Part 2, Chapter VI.
“As I went down to the water-side,
None but my foe to be my guide,
None but my foe to be my guide.”
Mrs Waynflete said nothing about the effects of her fall on the bridge, but she did not quite recover from the shock of it; and, accidental as it had been, she knew quite well that it would not have happened if her tread had been as steady and her sight as clear as had been the case six months before. She had one or two other little slips and escapes, and she said to herself that they were “warnings.”
People often know their own condition much better than is supposed, or, than others do, and Mrs Waynflete knew as well as any doctor could have told her that her hour was coming. She was very glad that no one else appeared to suspect the fact. She did not like sympathy, and even yet she did not feel herself to require support. But she thought much within herself. Those two wills lay heavy on her mind, and so did Guy’s criticisms on the management of the mills. She hated to acknowledge as much; but she was really too clever and too experienced a woman not to know that there was more than a possibility of his being right. She had known too much of the books and accounts in past days not to know that of late she had not known them so well. Moreover, her first distaste to Waynflete continued. She did not get accustomed to the bed that she had to sleep in, nor to the chair she had to sit on. She scorned the young vicar, Mr Clifton. She even felt that she would have liked to have a talk with old Mr Whitman of Ingleby, and perhaps let him read her a chapter, though she never had consulted him in her life on any matter, spiritual or temporal. And on one point, in these autumn days, spent in this unfamiliar ancestral home, she changed her mind. She had always meant to be buried at Waynflete, though she had never chosen to live there; but, now, she resolved that she would lie by her husband’s side, in Ingleby churchyard. All her life had been spent at Ingleby; she had been born there, in the poor farmhouse which she had so despised. “The lads,” the male heirs, her brother’s descendants, might make their graves among the old Waynfletes if they liked. As she had dimly felt at first, the object of a life’s labour is not so dear as the labour itself; and whenever the charms of Waynflete were discussed, Margaret felt that she was an Ingleby woman. She was as constant to the facts of her life as she had been to the idea that had dominated it.

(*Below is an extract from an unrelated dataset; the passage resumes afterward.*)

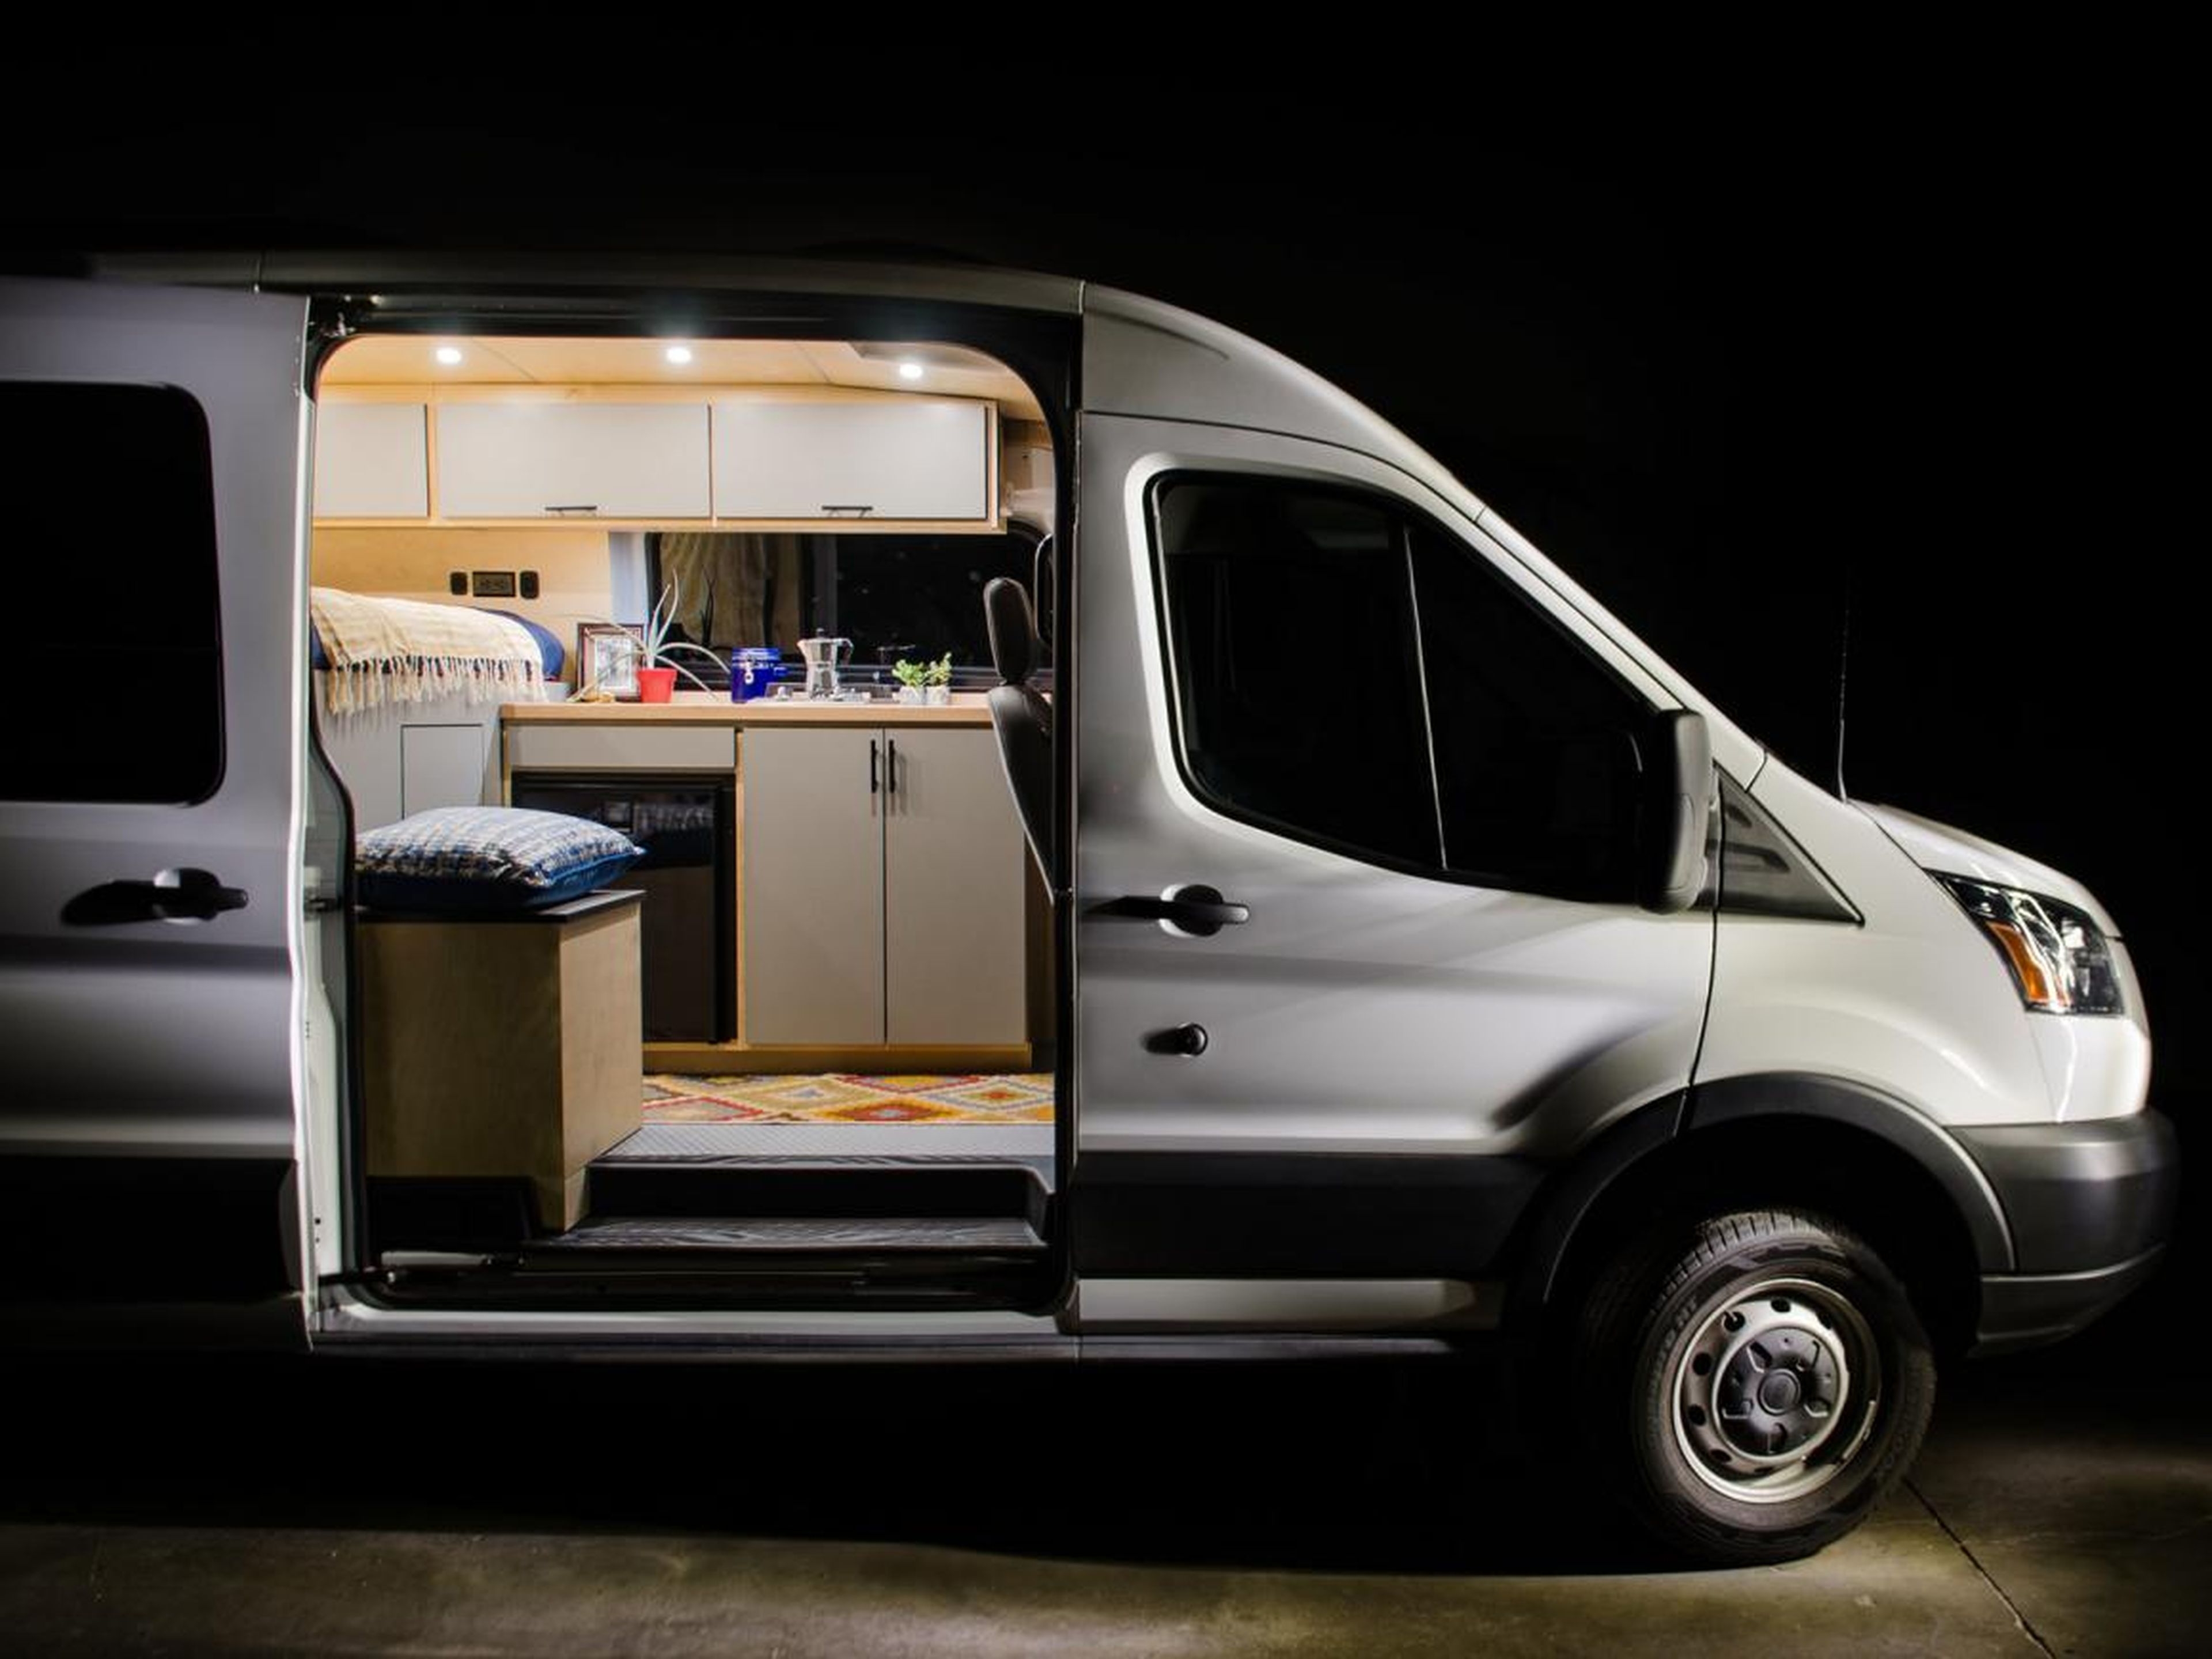 This custom tiny home on wheels was made from a Ford Transit van

Under the influence of these feelings, she one day sat down, and wrote to Guy a note in which she told more of the truth than she had admitted to those living in the house with her.
“Waynflete Hall.
“My dear Guy,—
“I took your remarks as to the management of the business very much amiss, as it has always been my way to follow my own judgment, not finding that of other people any improvement on it. But I perceive that it is your right to have your say, and I wish to hear it. I am an old woman, and I shall not have my hand on things much longer. I feel my time is coming, and I would not wish to leave injustice behind me. So I desire that you come over here at once without delay, and put before me what you have got to say, and satisfy my mind on the points that lie between us. Besides, my dear, I wish to have you both here with me.
“Your loving aunt,—
“Margaret Waynflete.”
When Guy received this letter by the second post, on the day that Staunton went to Moorhead, the last sentence more than all the rest made him feel that he must start at once for Waynflete; manifestly the note had been delayed, or he would have got it in the morning. As it was, he could not reach Kirk Hinton till four o’clock.
He was touched and a good deal alarmed, not so much at the summons as at the inclination to listen to him, and hurriedly putting his papers together, set off, and at Ingleby station sent a telegram to Godfrey, since his old aunt disliked receiving them, saying briefly—
“Send trap without fail to meet the four train at Kirk Hinton.”